To compare with mutt, I have simply opened the ~/Mail directory in which 
the folders are, and tried to read new mail.  Unread mail is not 
identified by default, so I went through a handful of the 70-odd 
folders and marked some recent mail as unread.  Then I tried to find it 
again.  The read next unread instruction in mutt appears to only 
operate inside a folder.  The folders containing unread mail are not 
flagged in any way.  I can only find the 'unread' mail by opening every 
folder (c then ? then scroll to the next folder and press enter -- not 
very simple) and looking for entries marked N.  

I'm baffled.  If so many d-u members use it there must be a simpler 
strategy other than reading all mail in the inbox and manually sorting 
it to folders _after_ reading.  

Even supposing I eventually manage to set up spam filters to cut out the 
150-200 spam messages each day, I would prefer to deal quickly with the 
categories I see as important and to be able to defer the less urgent 
ones when I feel like it.  And in kmail, all I need to do to check the 
spam is to open the spam folder and scan the 'subject' and 'from' 
columns - move any misfiltered items (very rare) and delete everything 
else unopened.  In mutt it seems that I would need to c-?-scroll-enter 
to the spam folder, then mark each message for deletion.  

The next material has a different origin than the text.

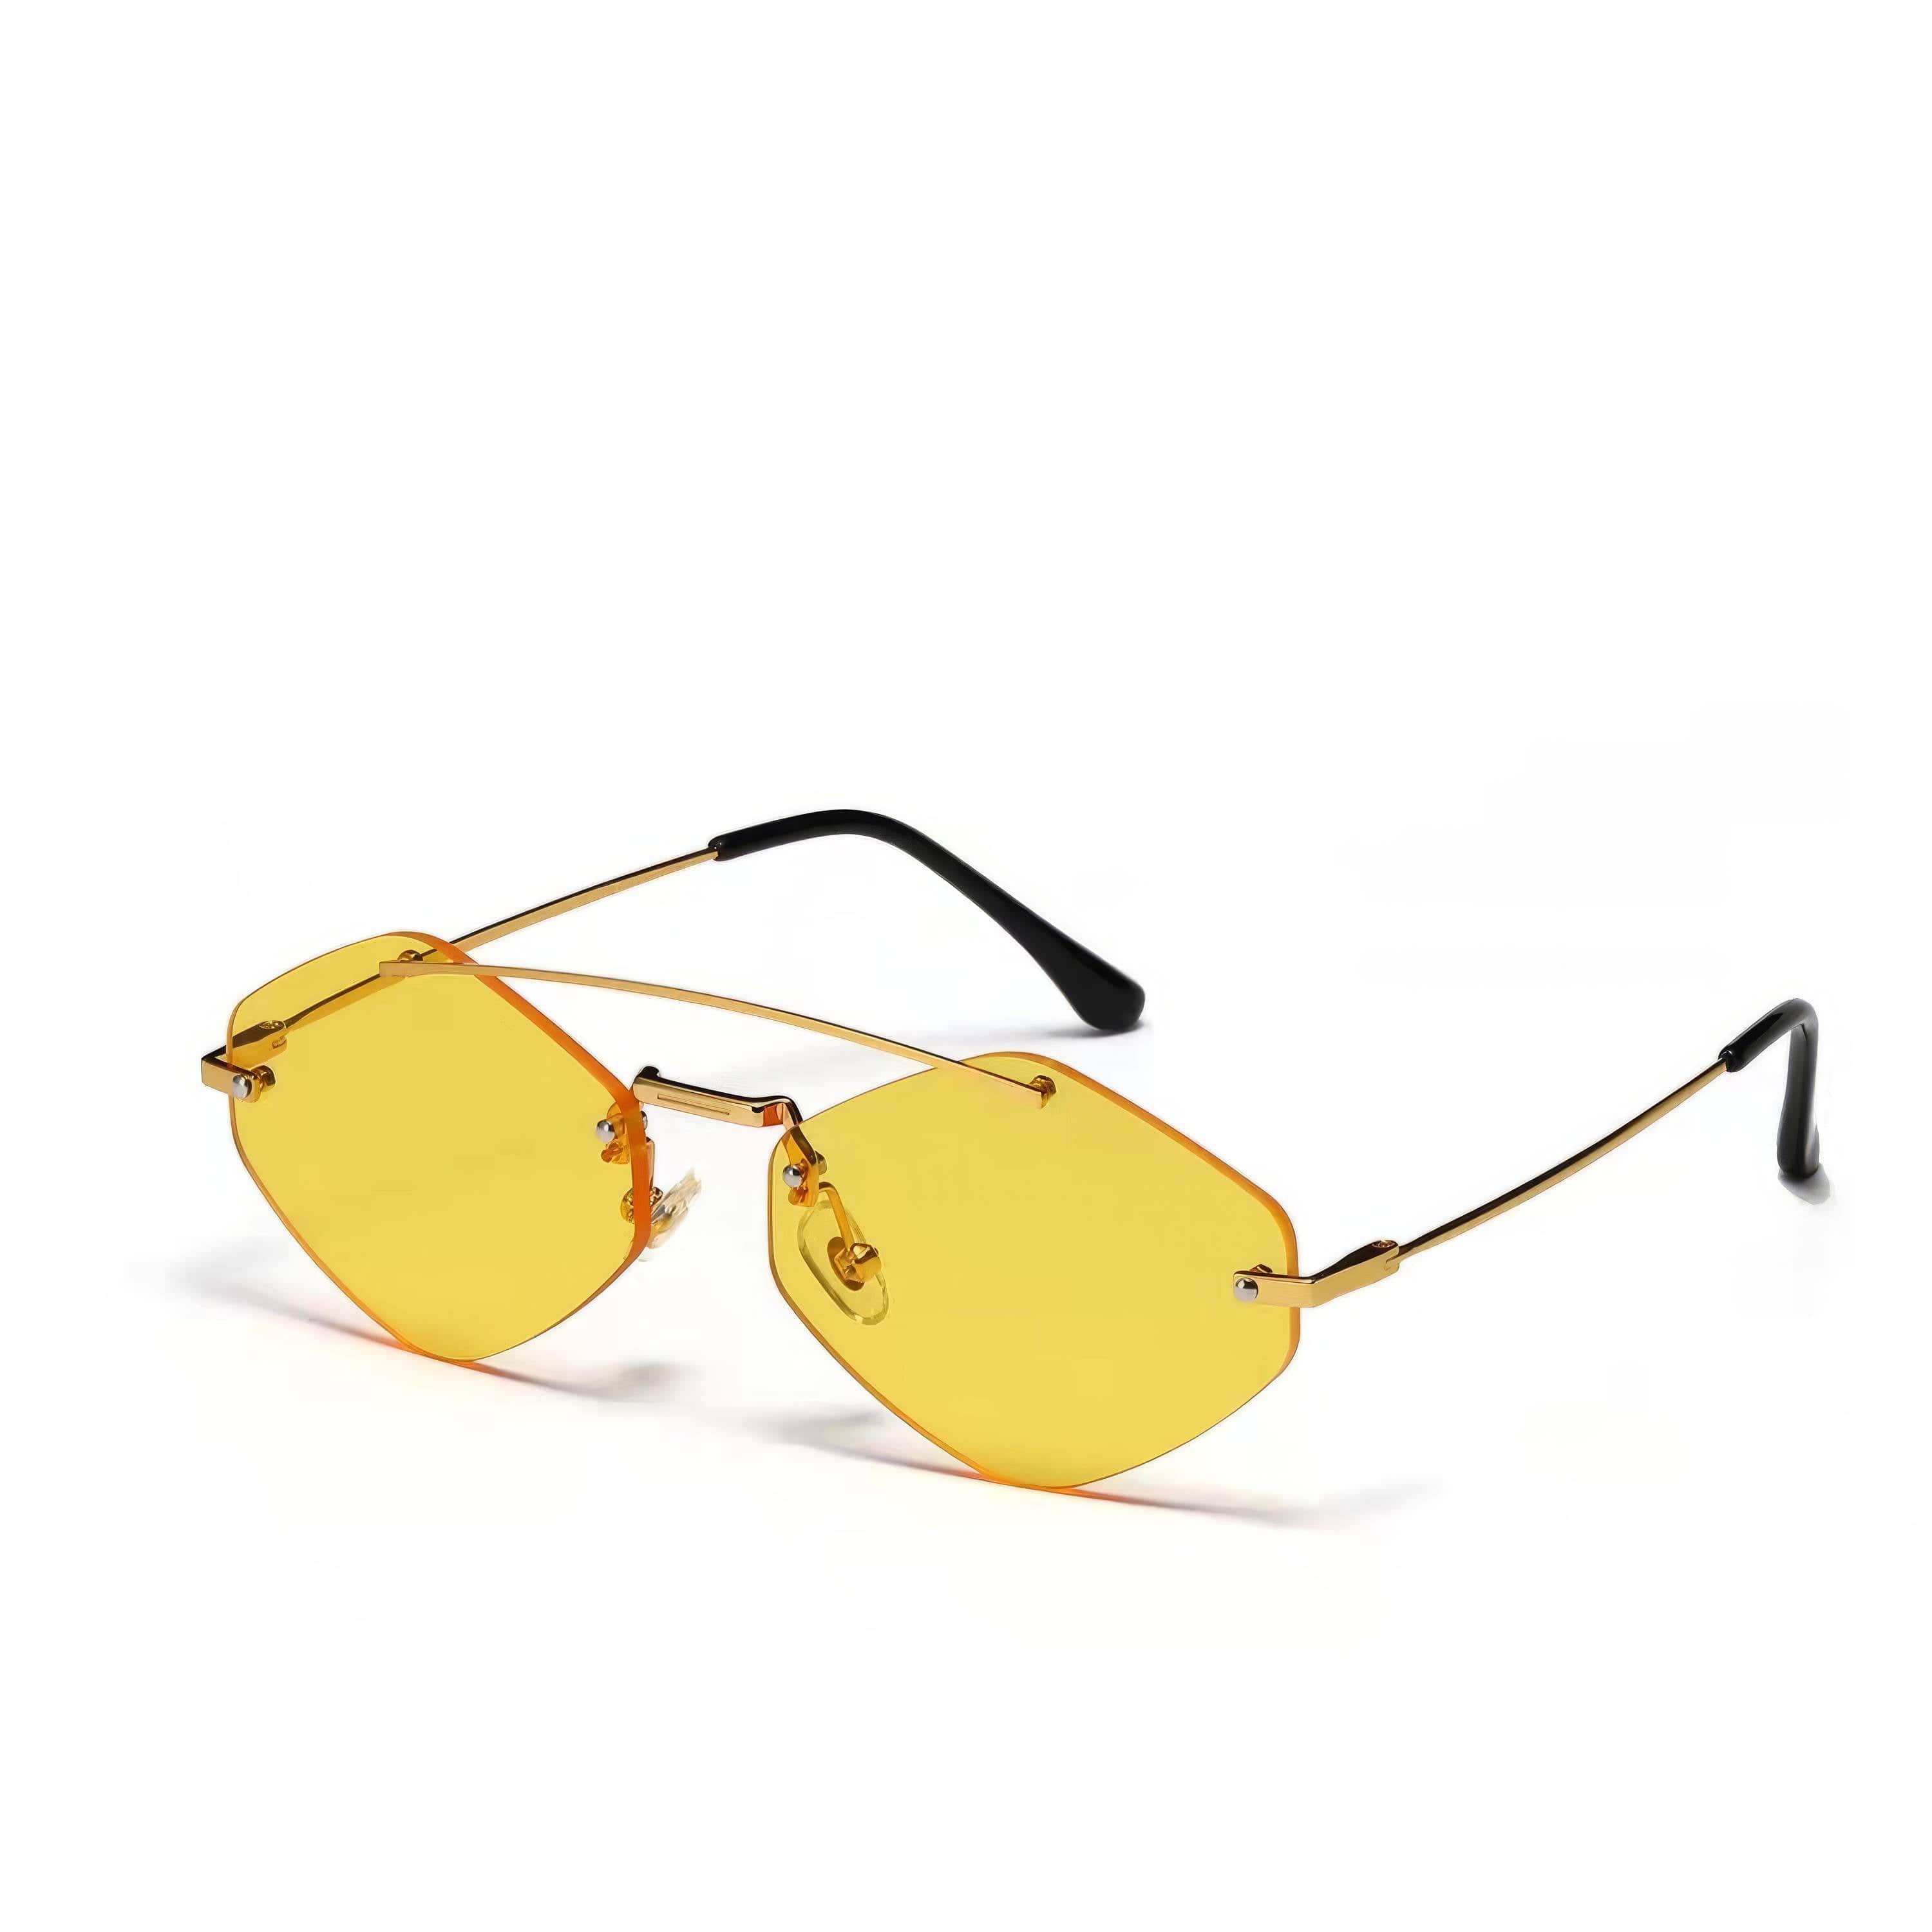 Retro Unique Double Bridge Sunglasses Yellow/Golden Rod / Resin
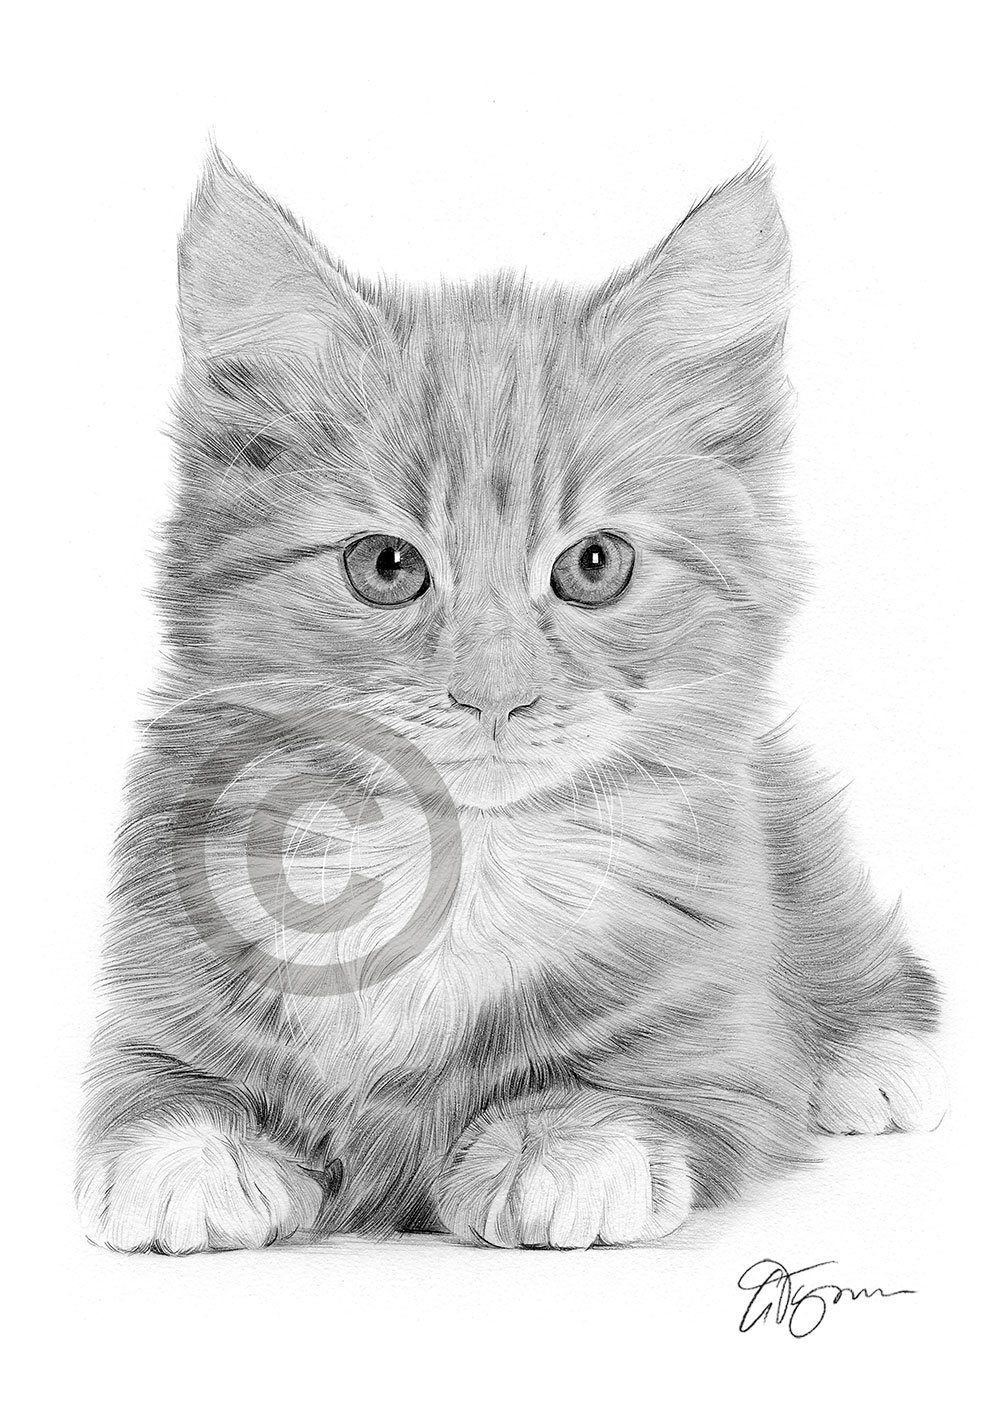 Pencil drawing of a kitten by UK artist Gary Tymon

And then, I have found no method to get back to the mail spool file that 
is displayed by default at opening, other than laboriously stepping 
back through the directory tree from the ~/Mail directory, or typing 
the spooldirectory by hand, or closing the application and reopening 
it.

This isn't intended to be a rant.  I just want to know how mutt can get 
near to the convenience of a gui mail client like kmail.